The Broken Window Theory In Design and Product Development

Drawing a parallel between the theory that permitting petty crime in a neighbourhood will beget more violent crime Tobias van Schneider discusses how permitting shortcuts to meet delivery dates will beget poor quality product. Most of us have seen this to be true as sites grow in traffic and age only to repeat the reframe ‘we’ll fix that in the next release’ so as to meet a delivery date. It reminds me of the story that Marty Cagan told in his book Inspired where eBay was almost brought to it’s knees in the early days because the organization was focused on growth rather than growth and scalability. This could prove to be a good analogy when selling quality together with speed to executives.
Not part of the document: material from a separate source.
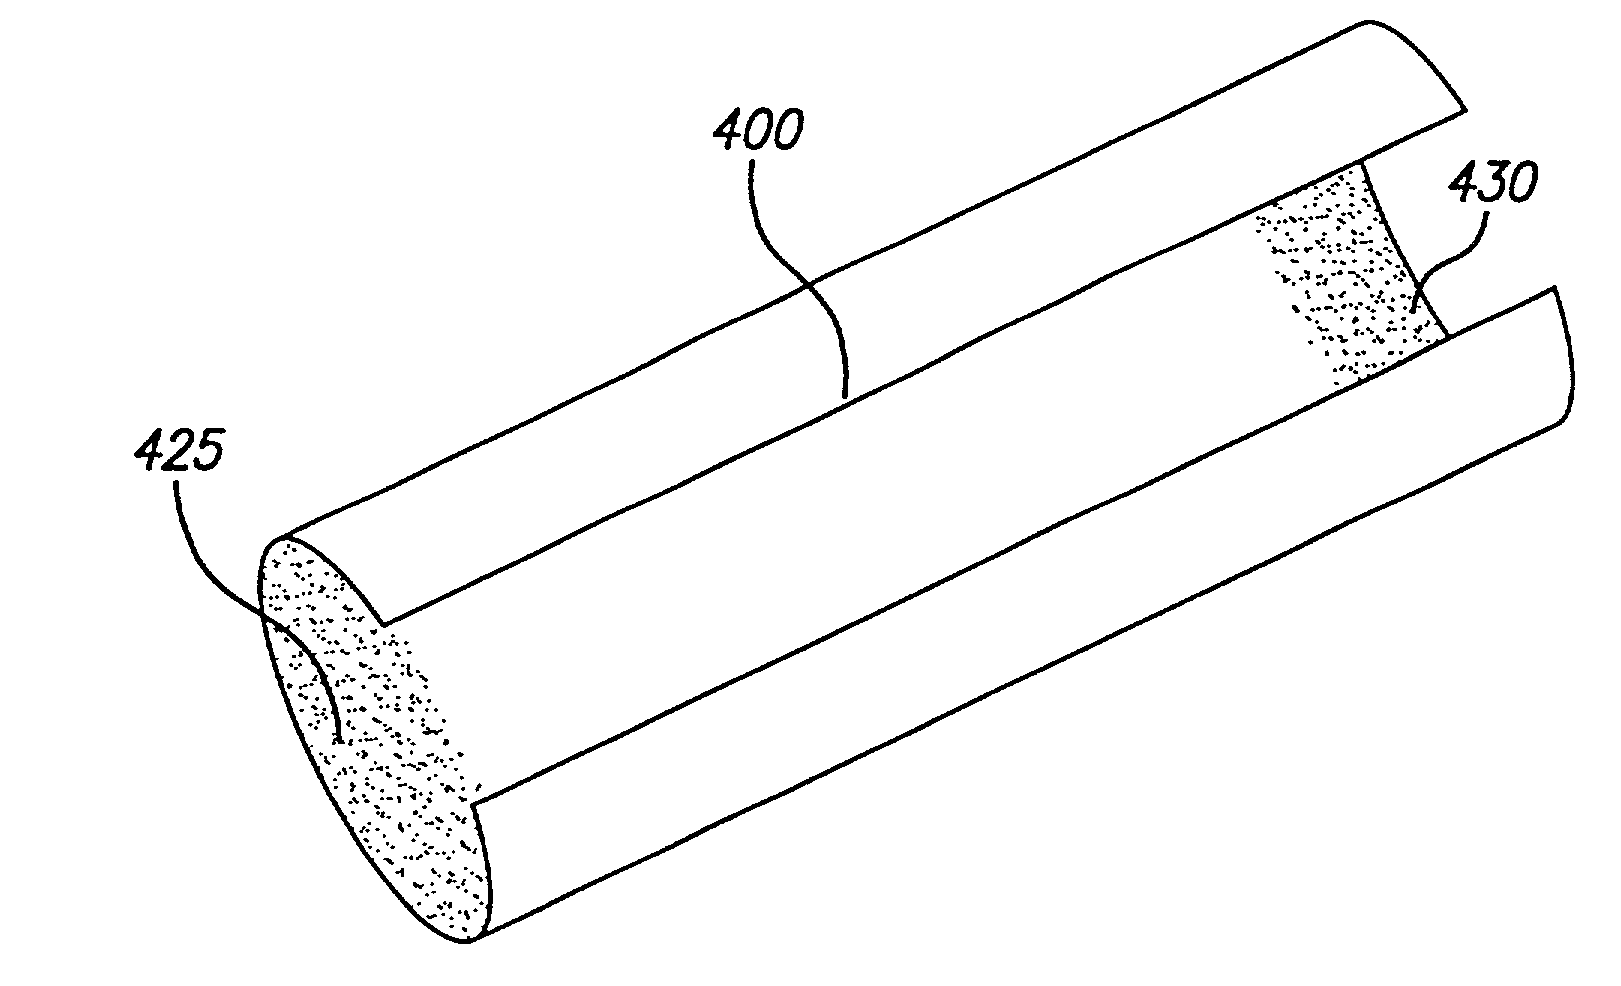 System and method for improved stent retention

Mary Meeker – Internet Trends 2016

Okay, this is likely included in everyone’s week wrap-up or if you haven’t already read this I suggest you click-thru now. I call it the annual Super Bowl of the internet and Meeker provides not only great insight into online trends but also a good overview of the state of the economy. In fact some of the most interesting information I found this year is where the global GDP in the last 6 of 8 years has been below 20 year averages and the commodity price index is at its lowest level since the year 2000. Also shocking, on the advertising side is Google’s share of the $60B in US online ad spend is close to $30B or 50%.